Moody’s cuts bank outlook to ‘negative’ on Ottawa’s bail-in rule

Investor ratings service Moody’s has changed its outlook for Canada’s biggest banks to negative from stable, citing concerns over the Canadian government’s plan to implement a “bail-in” system in the event of a bank failure.

The “bail-in” rule, included as part of the 2013 omnibus budget bill, asserts that the federal government would not necessarily bail out a bank on the brink of failure with taxpayer money.

Instead bank bondholders would be expected to assume the risk, though there is no guarantee that deposit-holders would not be hurt if they had more money in the bank than the $100,000 guaranteed by CDIC.
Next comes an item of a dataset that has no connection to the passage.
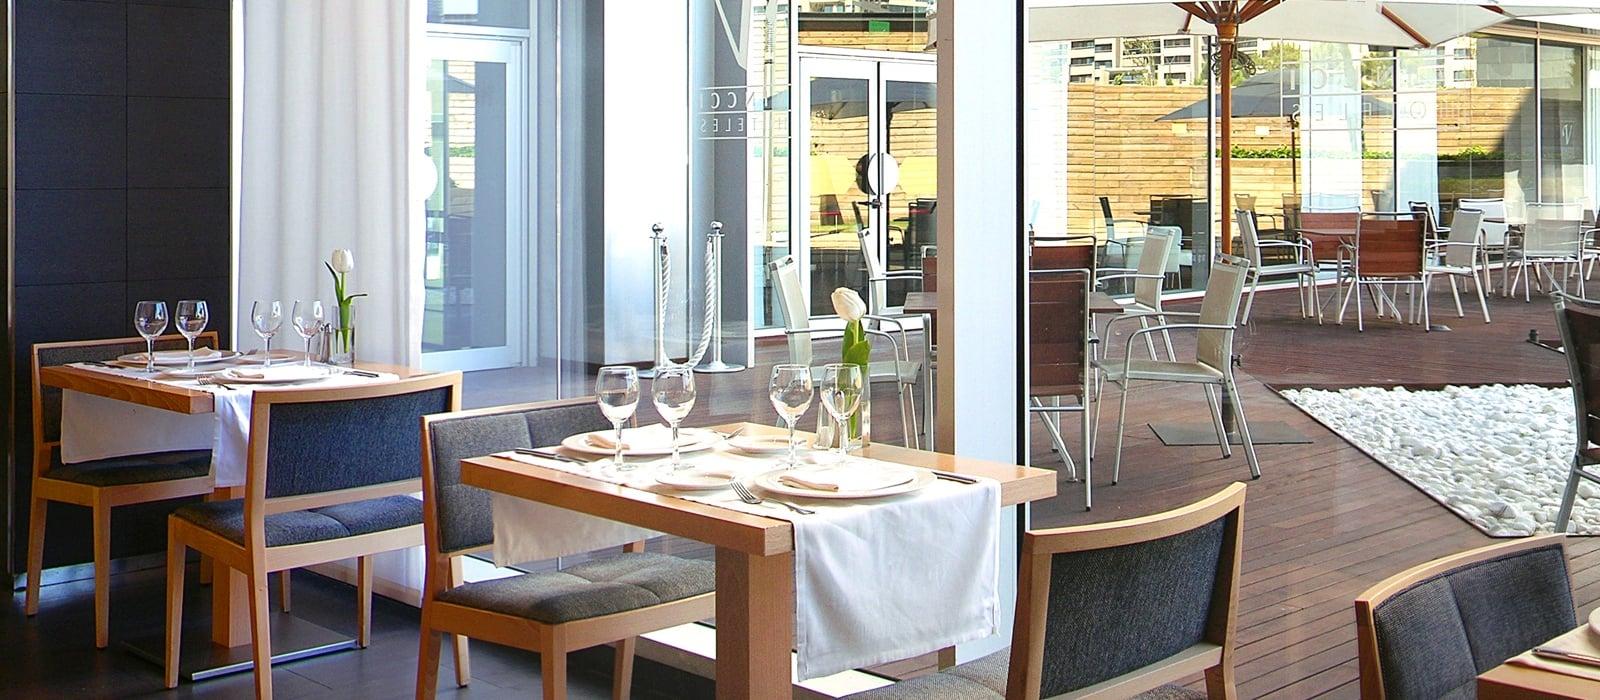 Restaurante Jardí de Mar - Vincci Marítimo

Canada has yet to set parameters for how a bail-in might work. Mark Carney, who was Bank of Canada governor at the time, said last April it was ‘hard to fathom’ a scenario where Canadians’ deposits would be touched, as happened in the Cyprus bank failure.

Moody’s says the “negative” rating for the banking system will have no impact on the very strong individual credit ratings for the seven biggest banks – CIBC, RBC, TD, Bank of Montreal, Scotiabank, National bank and Caisse Central Desjardins.

Canada remains one of the highest rated banking systems in the world, Moody’s said in its report that recommended the downgrade in outlook. All of the banks are considered to have strong profiles in the domestic market.

Moody’s senior vice-president David Beattie, author of the report, said he believed the risk of a bank failure was remote, but was concerned about the trend of governments worldwide to provide for bail-in measures, instead of the bailouts seen in 2008.

“They [Ottawa] want to make sure that senior creditholders of banks and debtholders of banks would share the burden if a Canadian bank needed to be recapitalized in the future,” he said in an interview with CBC News.

Delay on the details

Moody’s made the change as part of its annual review of Canada’s banking system.

“We didn’t do anything at that point in time because we thought we’d be getting details and we’d be able to act on further information, however a year and a bit has passed and we haven’t got the details yet and we have a new finance minister which may delay things future,” Beattie continued. 

Beattie pointed to some risks for Canadian banks in the next 18 months, including diversifying into riskier business areas and riskier markets as they seek out growth.

“Moody’s also notes that while the potential for external shocks to the Canadian economy has receded, high household indebtedness and elevated housing prices remain key risks to banking system stability in Canada,” the ratings agency said.

Last month, Moody’s downgraded its outlook on debt and deposit ratings at Canadian banks.